Classification, as the name implies, is the task of separating out a bunch of objects into separate groups. Let’s say for example, that an organization would like to build a prediction engine that would be able to separate out the excellent performers from the average and the unacceptables. This then, is a classification task since the algorithm is required to go through the list of employees and put them in one of three buckets, viz., excellent, average and unacceptable. Now in order to do this, data scientists would use a machine learning approach. Simply put, machine learning algorithms look for patterns within datasets and learn these patterns corresponding to each of the buckets into which they need to classify items.
Hence, using our example, the algorithm would learn the patterns for excellent, average and unacceptable performers. Now, in order to do this, these algorithms require a lot of historical data. Essentially, we need to “show” these algorithms examples of excellent, average and unacceptable performers. This process is known as “training” the algorithm. This is in effect similar to how we teach the alphabet to little children where we show them the letters again and again and correct them when they get it wrong so that ultimately, they are able to recognize the characters. This is exactly what happens when we “train” our algorithm. This allows the algorithm to then identify “signatures” for each of these buckets. When it is then presented with a different datapoint, it compares the new data against the learnt patterns and if there is a lot of similarity between the two, it assigns the new datapoint to the corresponding bucket.

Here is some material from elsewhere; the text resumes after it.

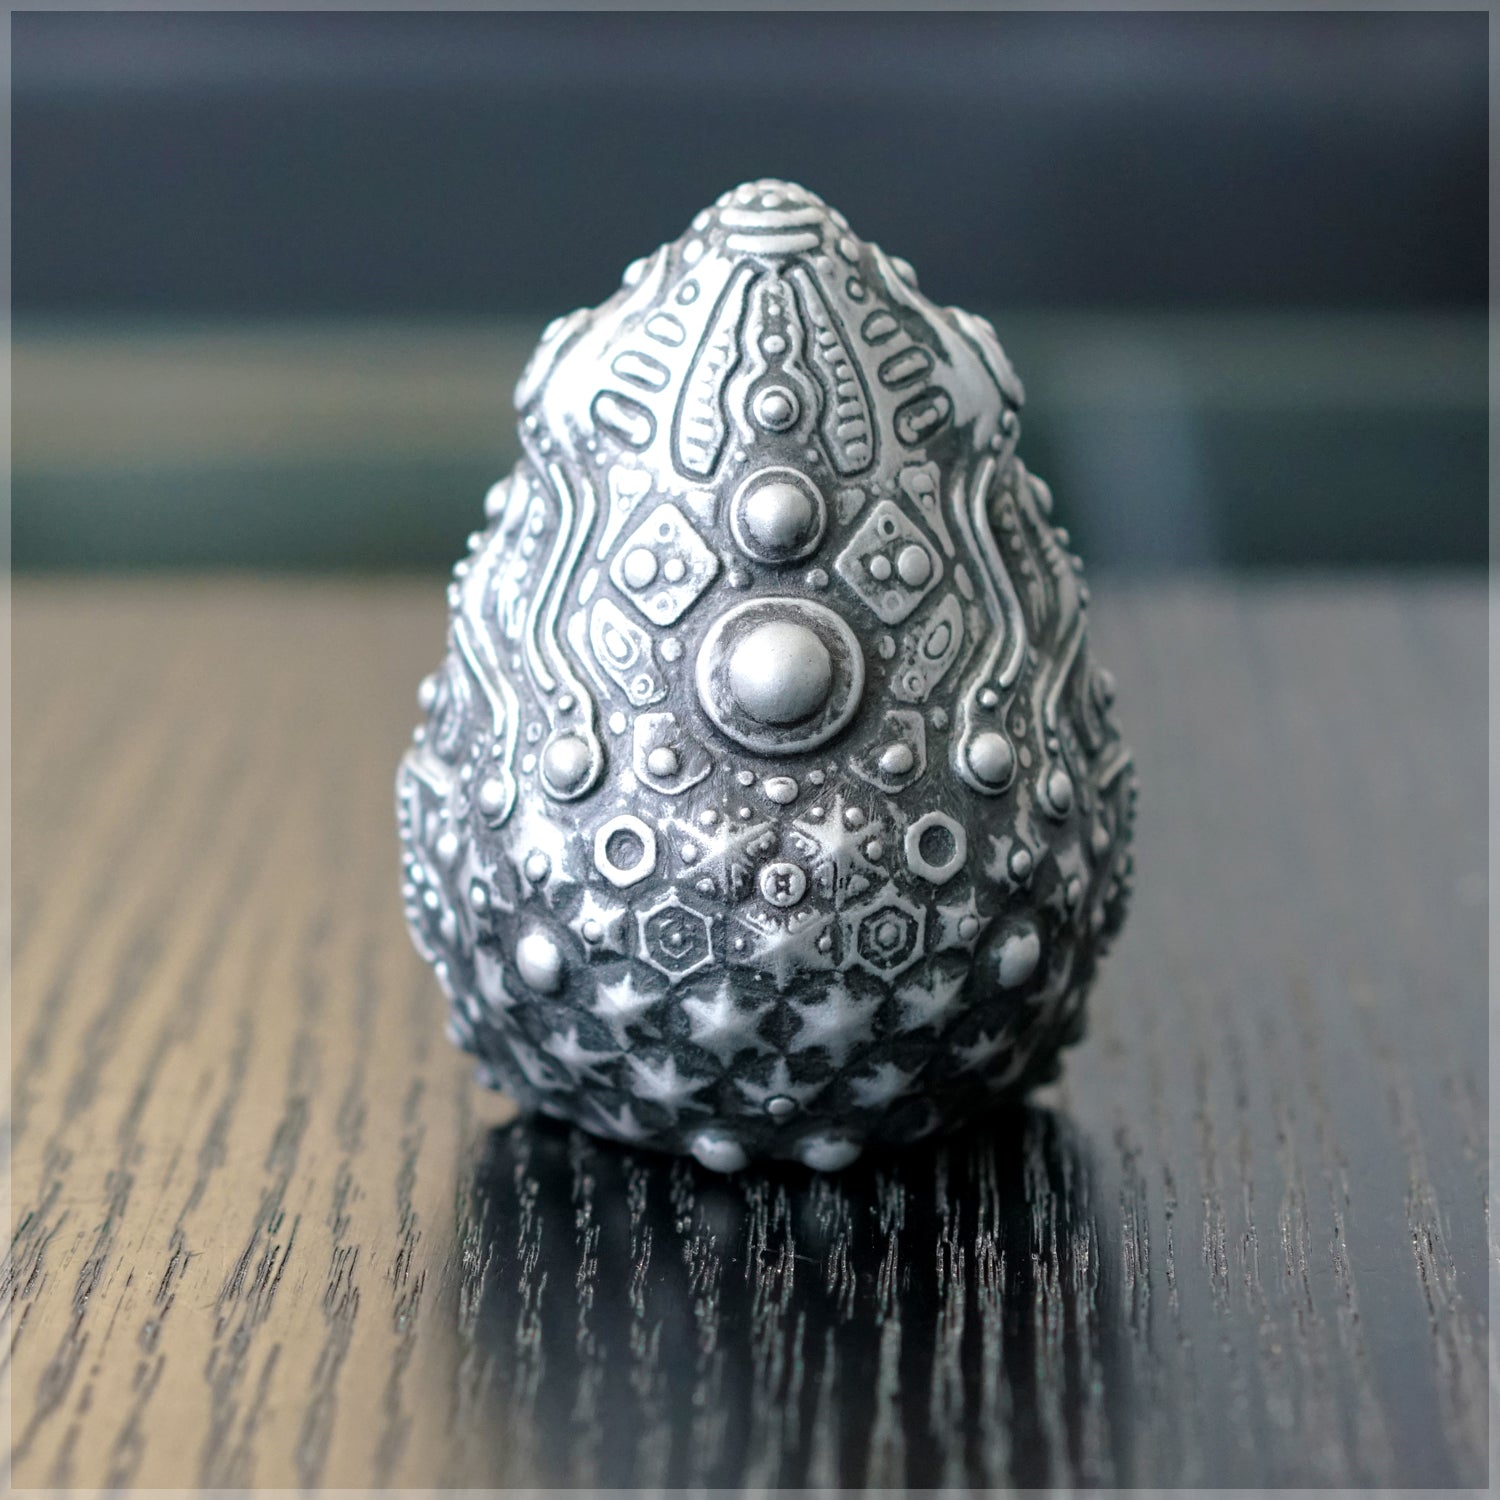 3-D Printed Egg Artifact - Nickel Brushed by Ben Ridgway
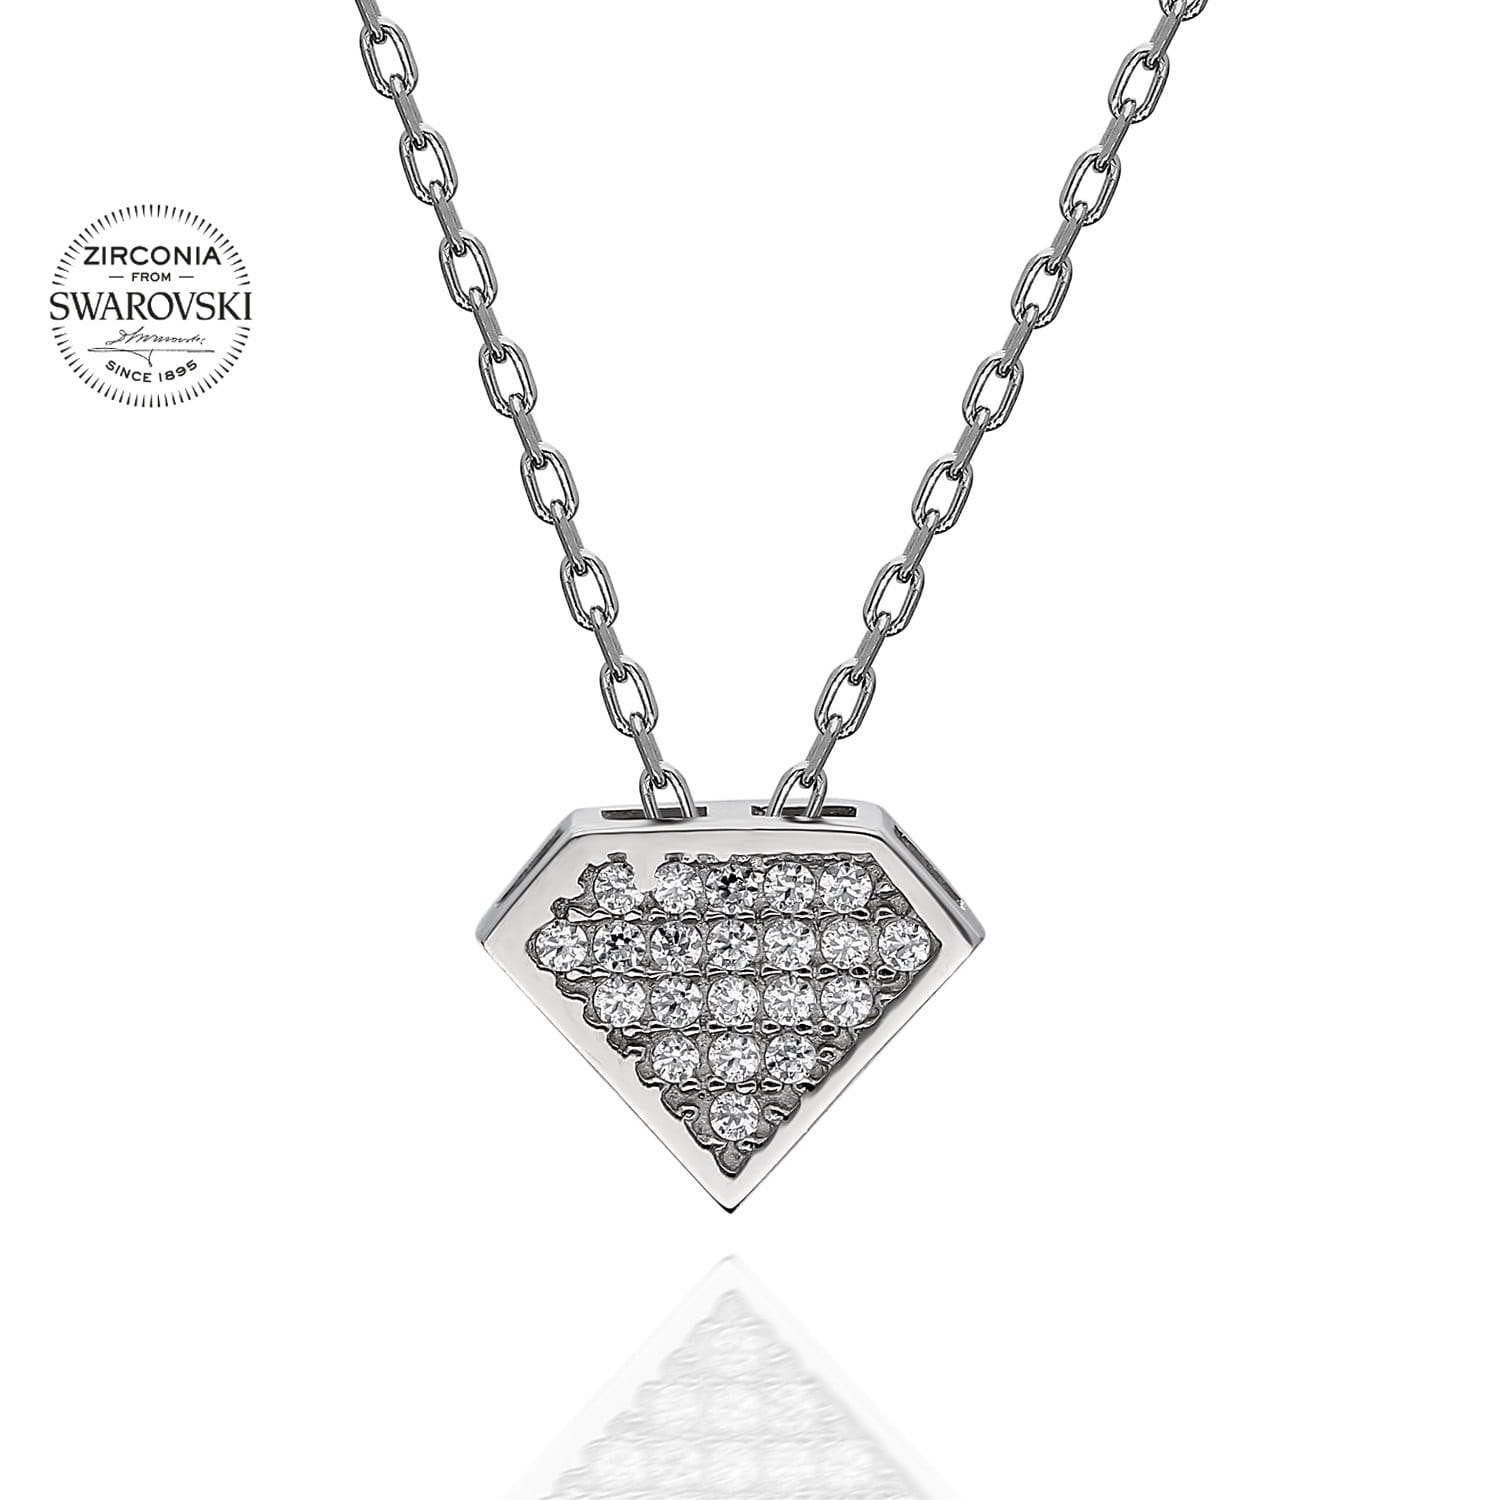 Lant din Argint 925 cu pandantiv in forma de triunghi stilizat cu cristale swarovski

So far so good. So what can go wrong you ask? Remember I told you that in order to “train” the algorithm, we need to provide it with a lot of examples to learn from? Well, think about where we get the examples from. Let us assume that we are looking at ABC Inc., a traditional, conservative, business based out of Bangalore. Most of the people employed in ABC have come from the southern part of the country. Moreover, given the conservative attitudes of their managers, women are under-represented in this organization in general and at higher levels in particular. ABC now wants to build a model on the best people to hire for their organization and for this, they have made available to us their historical employee database. And this where the problem is. All their biases are part of their historical dataset. Hence, any models that will be trained on this dataset will also inherit these biases. As an extreme case, if we now have a woman applicant from Delhi, she might well get filtered out by the algorithm since she doesn’t fit the typical profile that the model has been trained on. While this is a gross simplification of the issue, it does illustrate the pitfalls associated with building models based on historic data without taking into account biases inherent in the data.
Given that most organizations will have biases of some sort of the other, be they about gender, age or educational institutions, how can they build predictive models if these biases are implicitly included in models built on this dataset? There are no easy answers here. One way is to utilize publicly available datasets or pool with other organizations in the space to obtain datasets that normalize the biases. However, whatever be the approach, any data scientist worth her salt ought to be aware and look for these built-in biases before undertaking any model building.